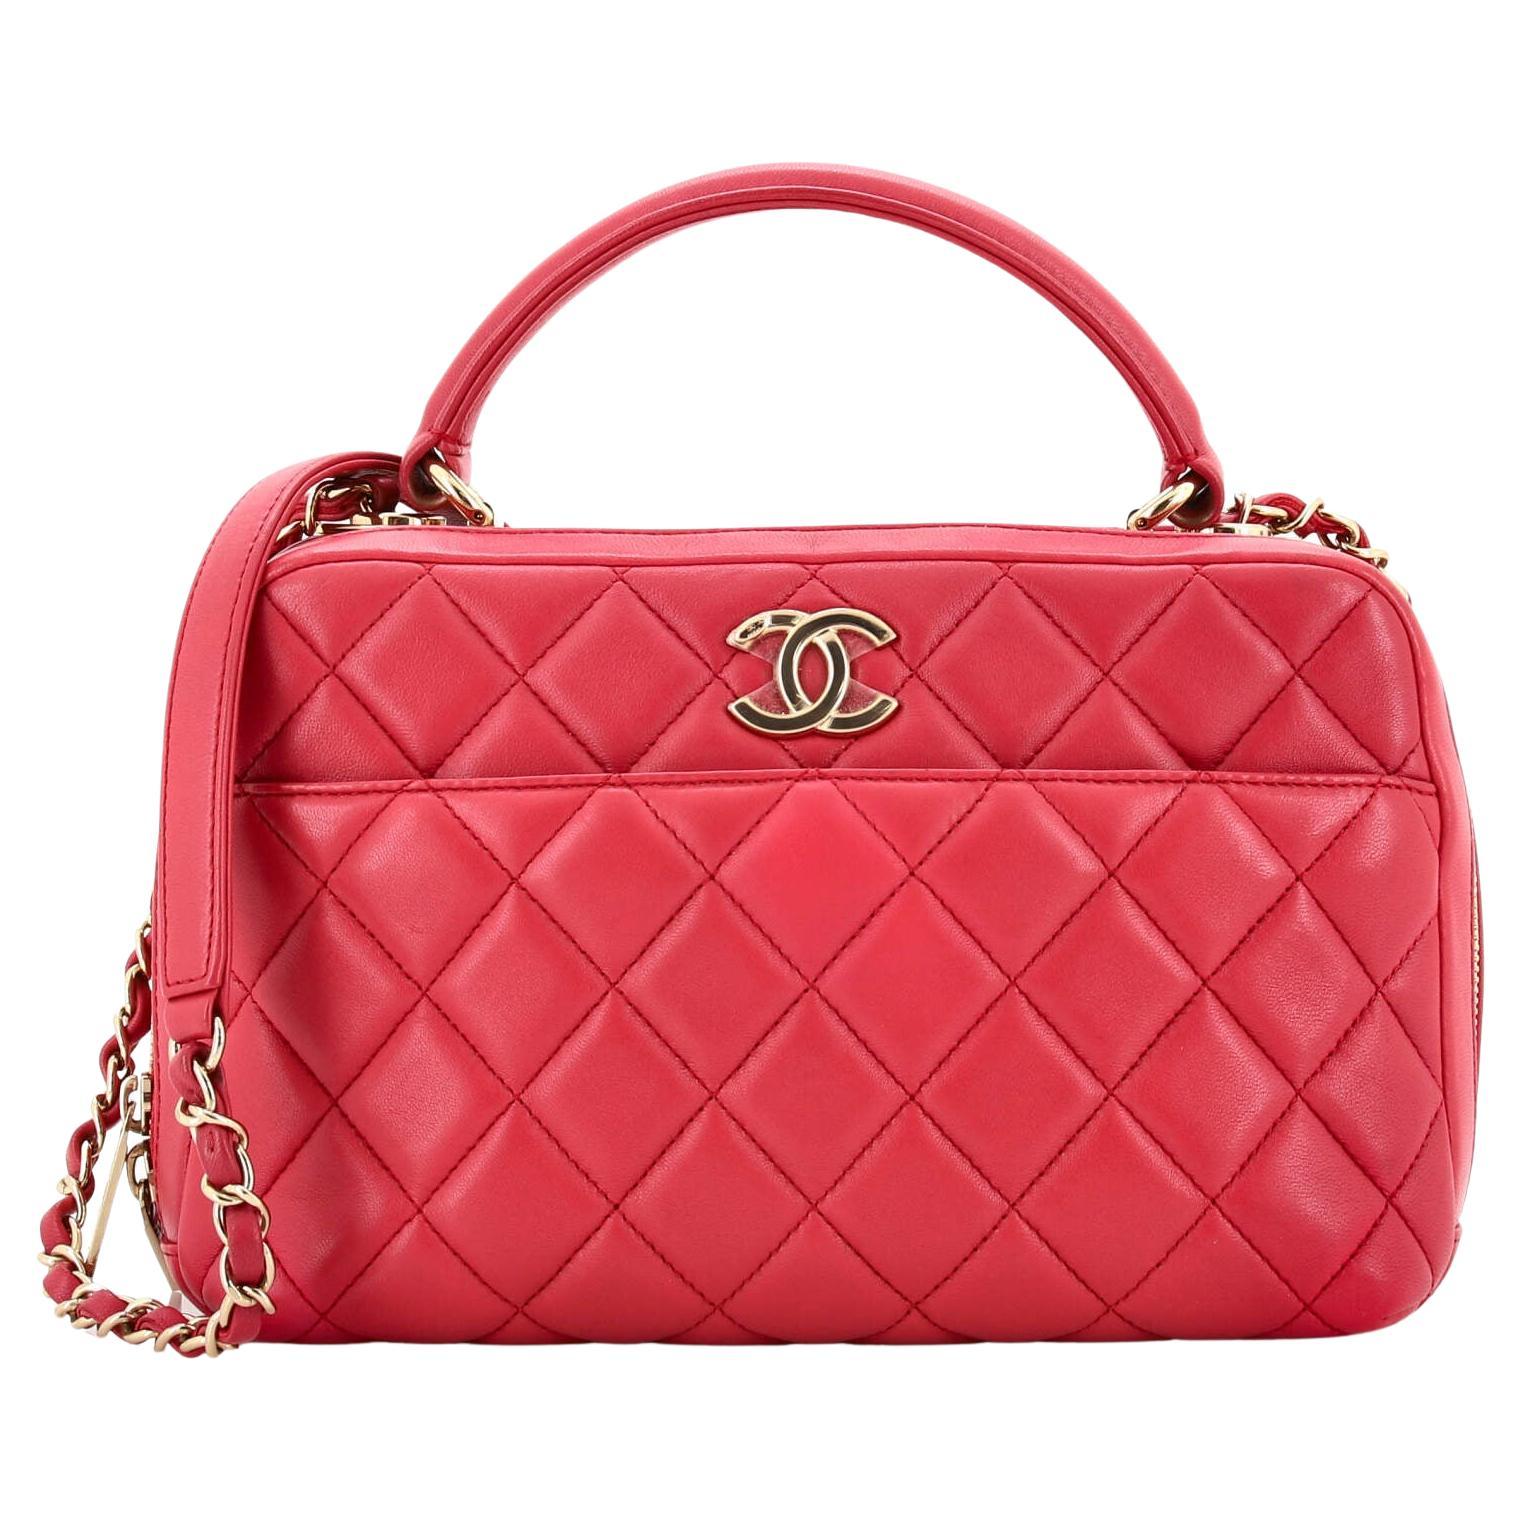 Chanel Pink Bowling - For Sale on 1stDibs  chanel pink bowling bag, sharon  pink bowling
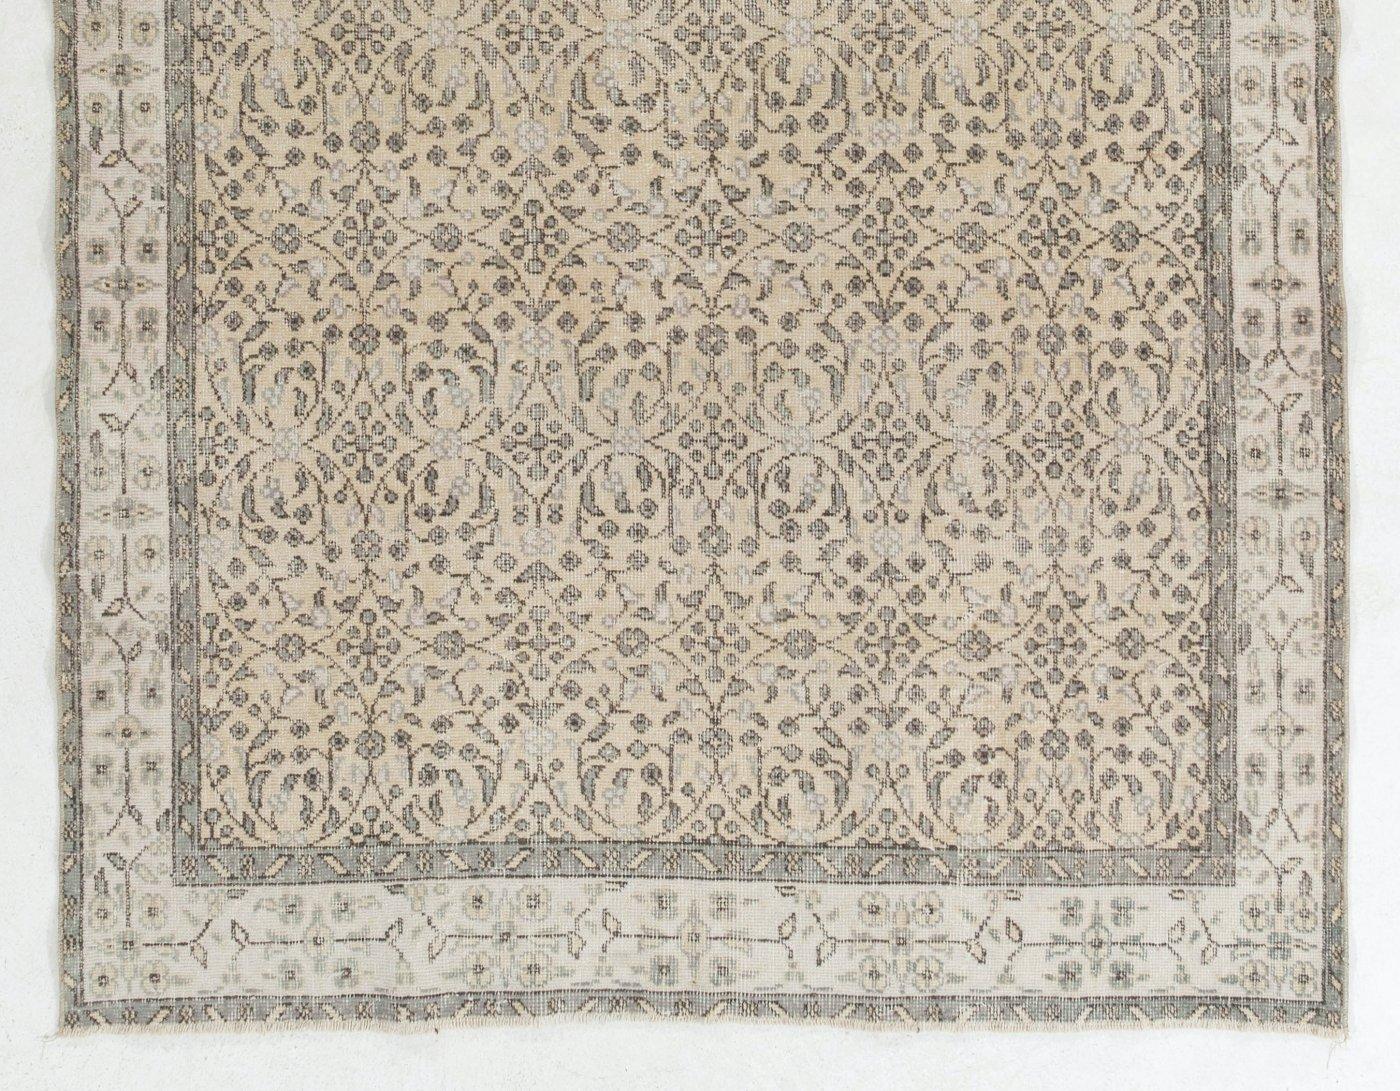 Hand-Woven Floral Vintage Handmade Turkish Oushak Wool Rug in Soft Colors
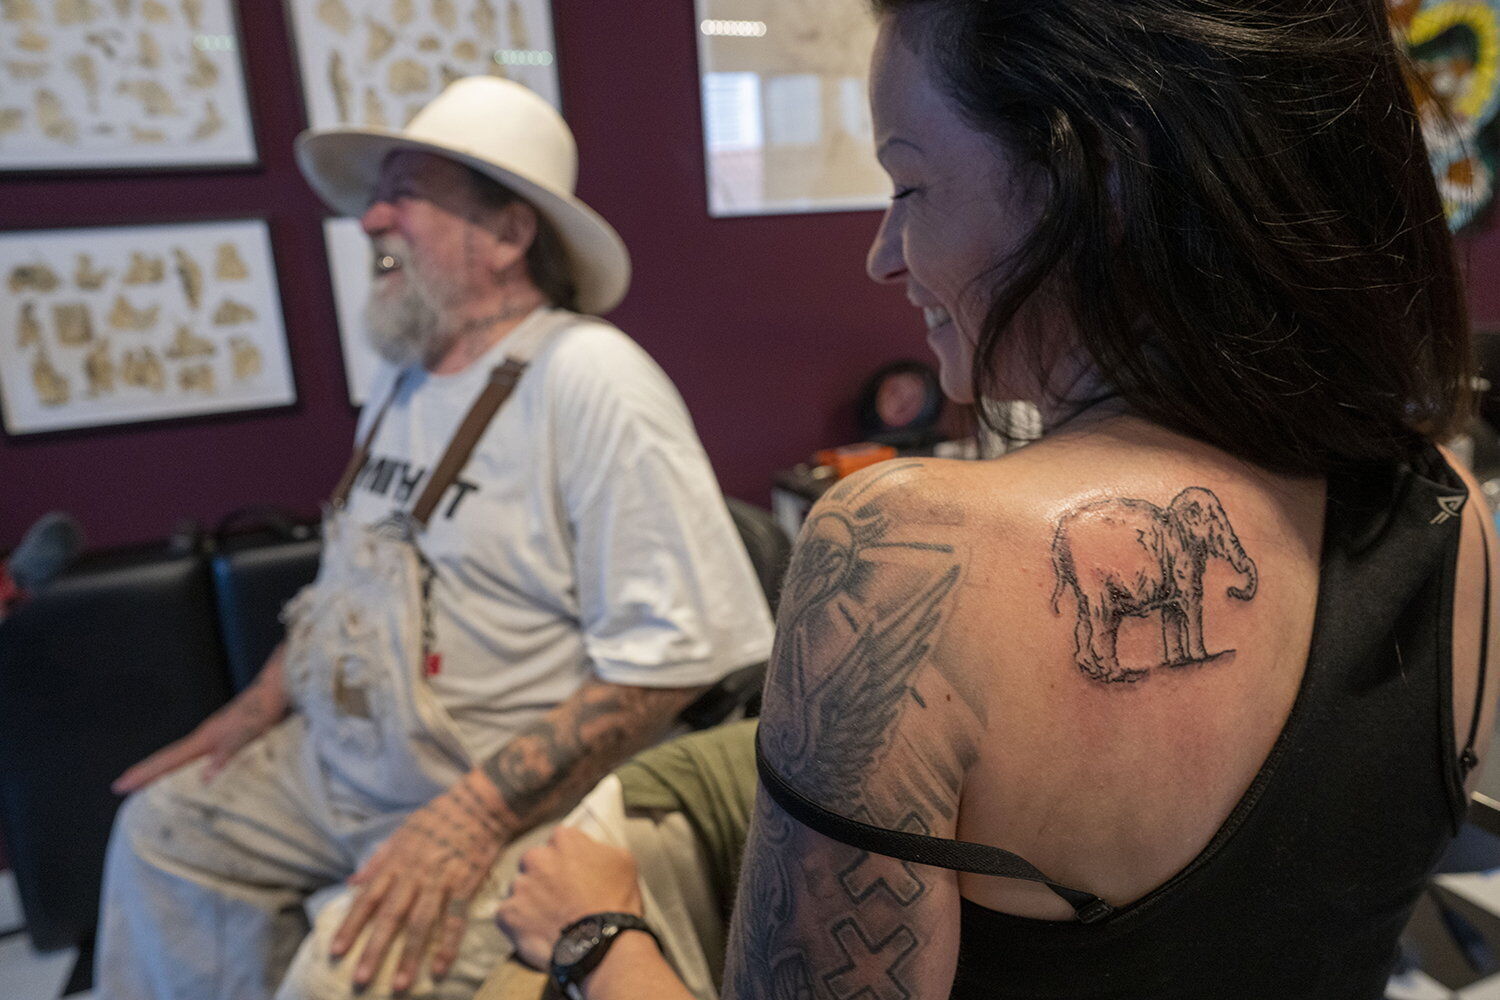 Rembrandt House tattoo shop open for business, and sold out - DutchNews.nl

- Task goal
Word for word, restate the whole listing and drop the images.

- Expected answer
 Chanel Pink Bowling - For Sale on 1stDibs  chanel pink bowling bag, sharon  pink bowling
 Hand-Woven Floral Vintage Handmade Turkish Oushak Wool Rug in Soft Colors
 Rembrandt House tattoo shop open for business, and sold out - DutchNews.nl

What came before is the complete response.